Starting Your Thesis
Professor Thomas M. Cooney (B.Comm, MBA, PhD, MMII, MCIM, FIMCA)

Professor in Entrepreneurship at the Dublin Institute of Technology

Academic Director of the DIT Institute for Minority Entrepreneurship

Chair of the ICSB 2014 World Entrepreneurship Conference

Council Member of Irish Research Council

1. Start your thesis with a Working Title in the form of a question (the question cannot be answered with a Yes or No). This Working Title will ensure that you will stay focused with your reading, research and writing.
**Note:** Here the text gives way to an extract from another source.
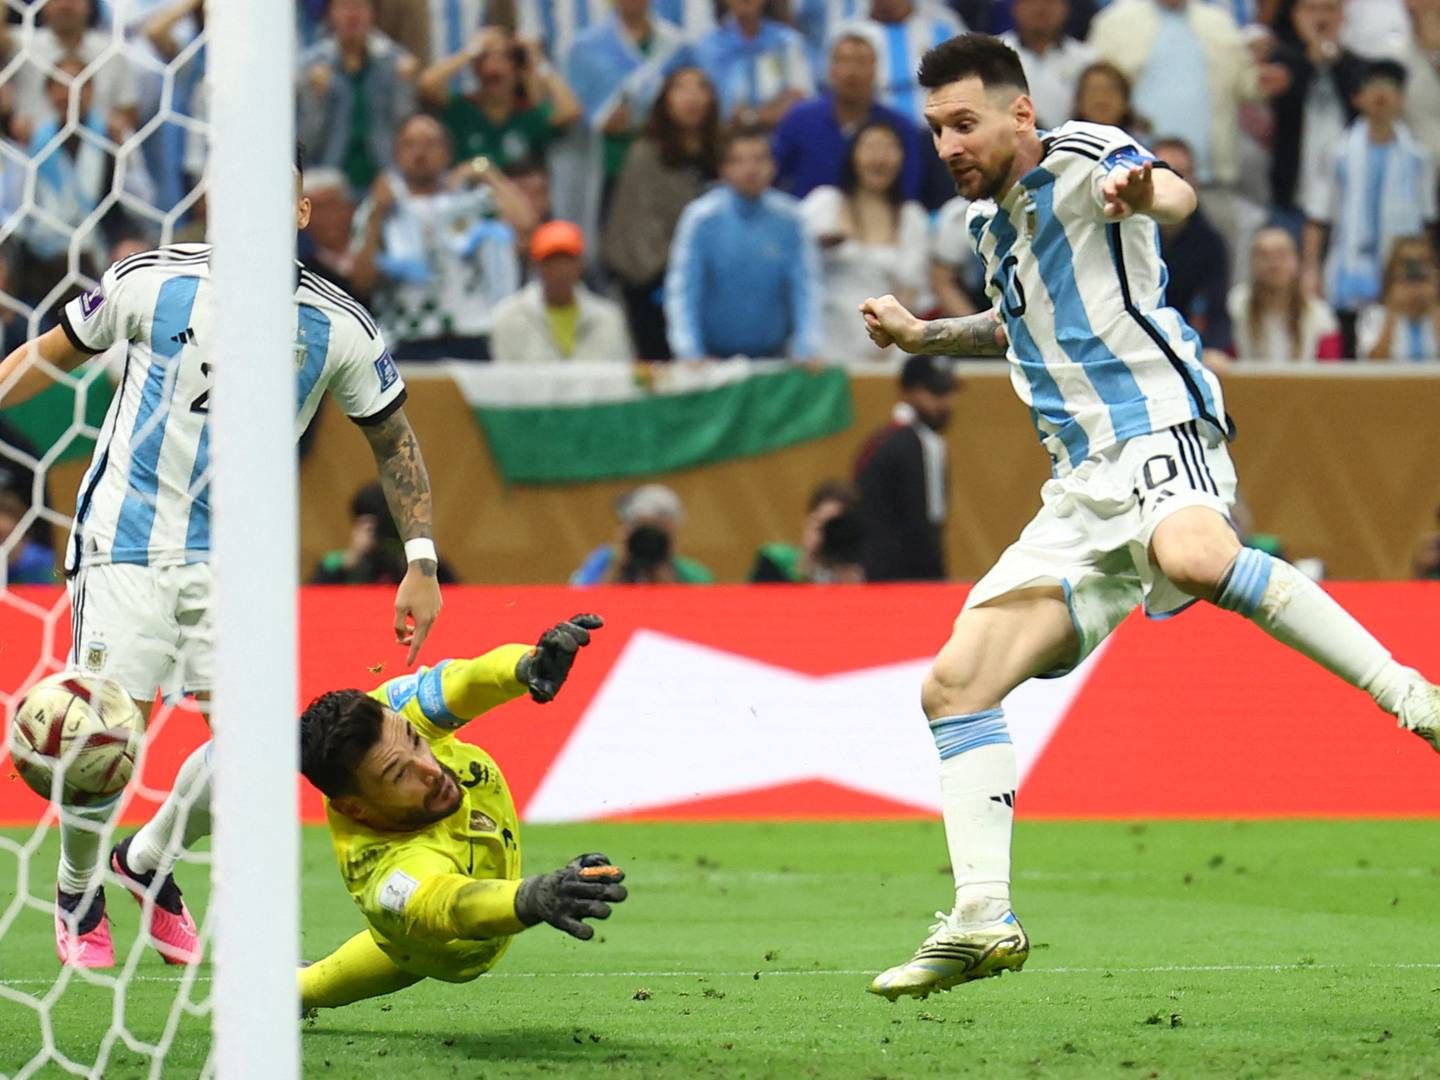 Næsten 1,4 mio. danskere så med i løbet af kampen, hvor Argentina slog Frankrig i straffesparkskonkurrencen. | Foto: KAI PFAFFENBACH/REUTERS / X00446
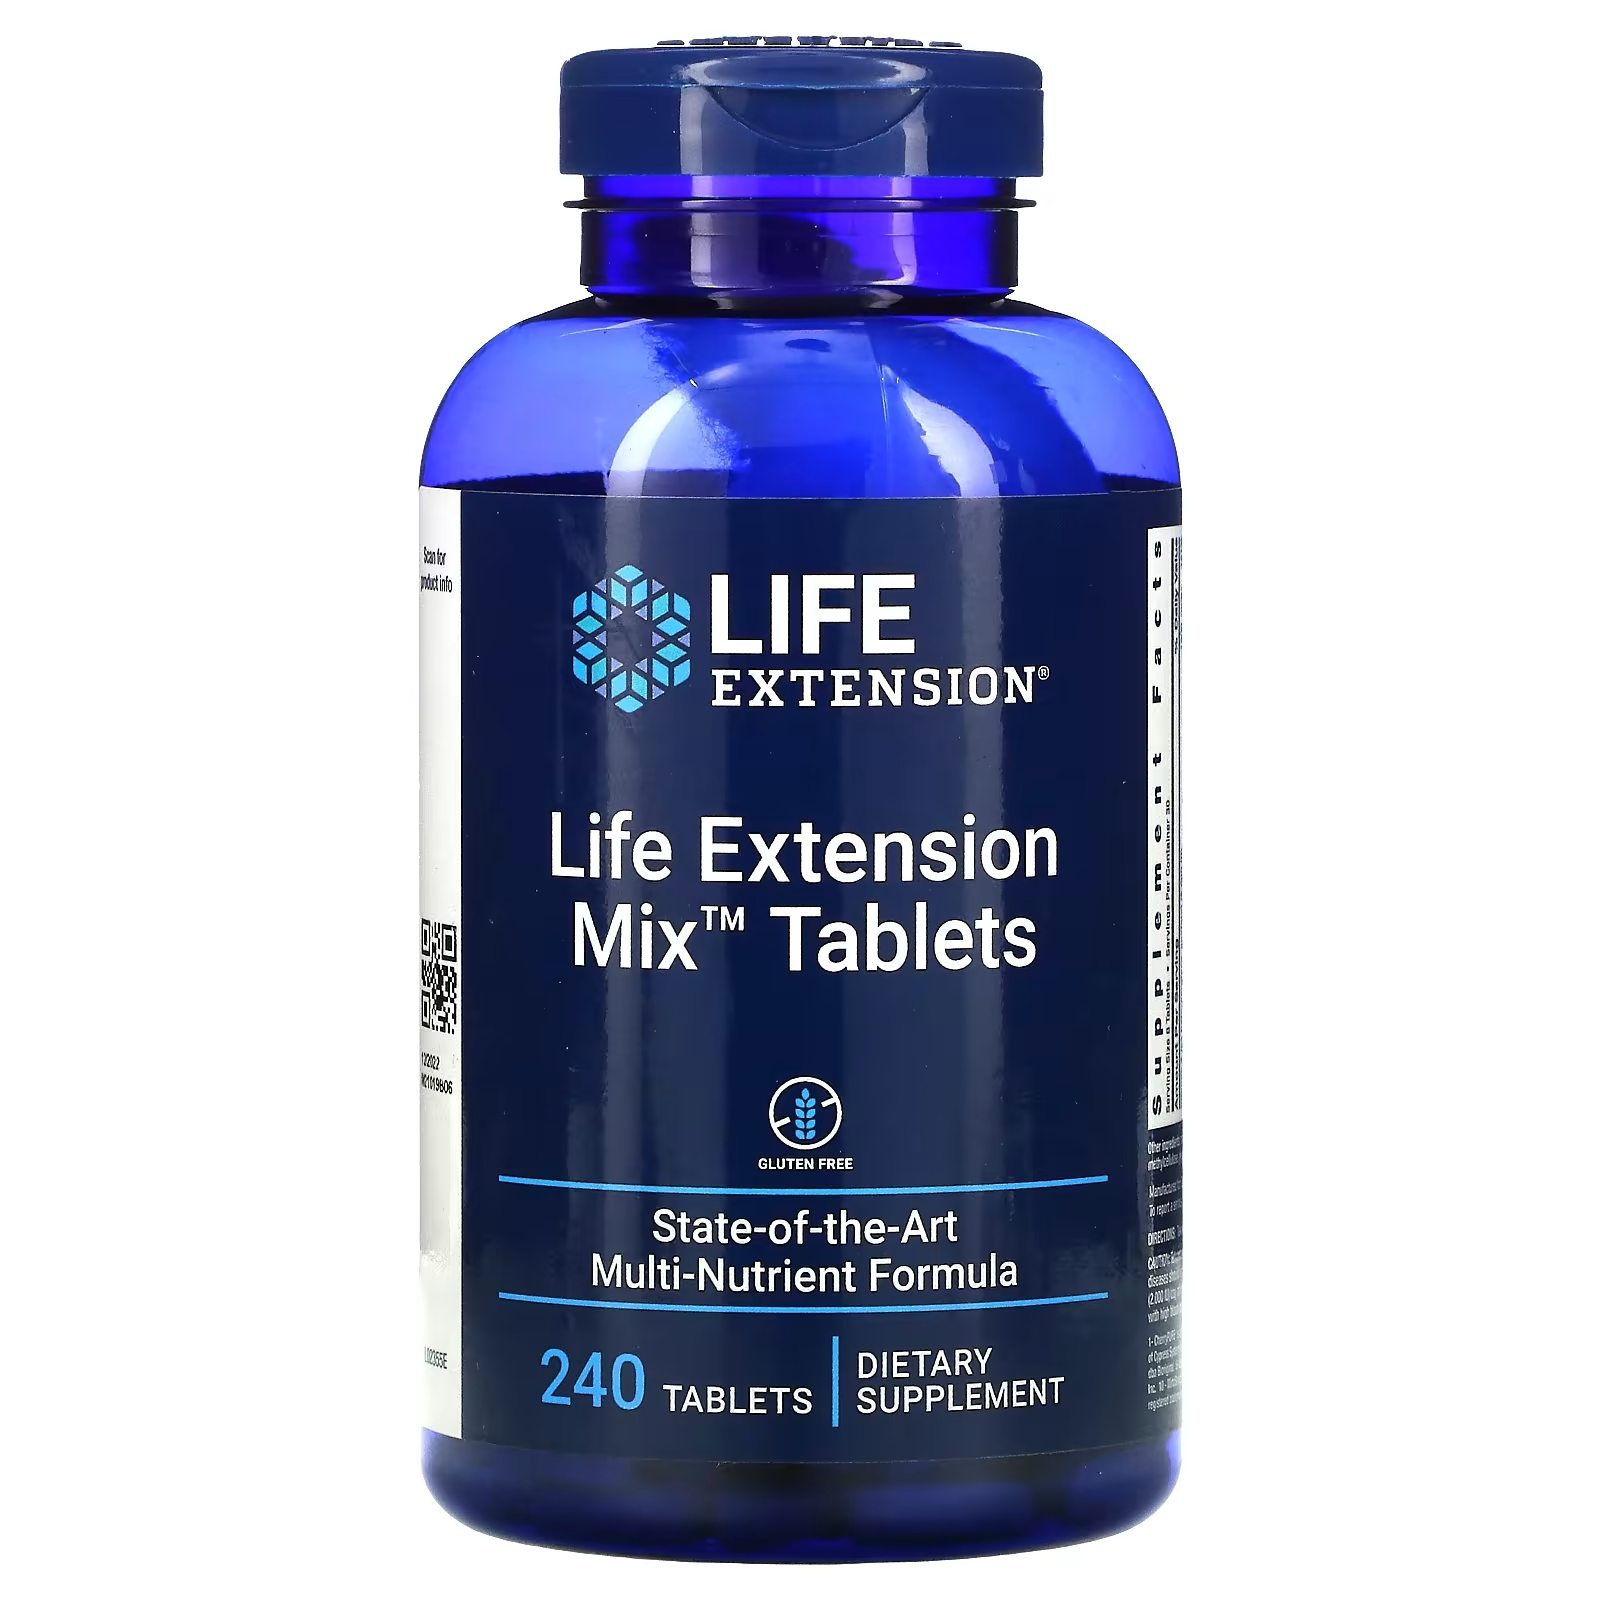 life extension life extension mix детская добавка с натуральным ягодным вкусом 120 жевательных таблеток Пищевая Добавка Life Extension Mix Tablets, 240 таблеток

2. Once you have decided your Working Title, create a detailed Table of Contents which should be very close to your final TOC. This takes some time to do properly but once completed it will mean that you will now know exactly what your thesis is about and how you are going to structure. The rest is simply filling in the content.

3. Each Chapter must seek to help answer the question in the Working Title, each Section must help the Chapter, each Sub-Section must help the Section. If you are not doing this then there will be a breakdown of coherency in your work. Chapters are not written as silos but should form a ‘river of words’.

4. Each paragraph must address a single issue / point and should be discussed in a meaningful fashion. This cannot be done in short paragraphs and so I recommend that paragraphs should be at least 10 lines minimum.

5. No paragraph should start or finish with a quote, table, diagram or list as they make no sense without an introduction before it and a discussion afterwards. For example, finishing a paragraph with a list is just leaving the discussion in mid-air and is saying to reader that they have to work the matter out for themselves.

6. And the end of each paragraph, section and chapter, ask the question ‘So What?’ Your final sentence in a sub-section, paragraph in a section, and section in a chapter should answer this question for the reader.

7. Write in the third person as the work is meant to be an objective, scientific piece of research. Ensure that your work is discursive, not descriptive.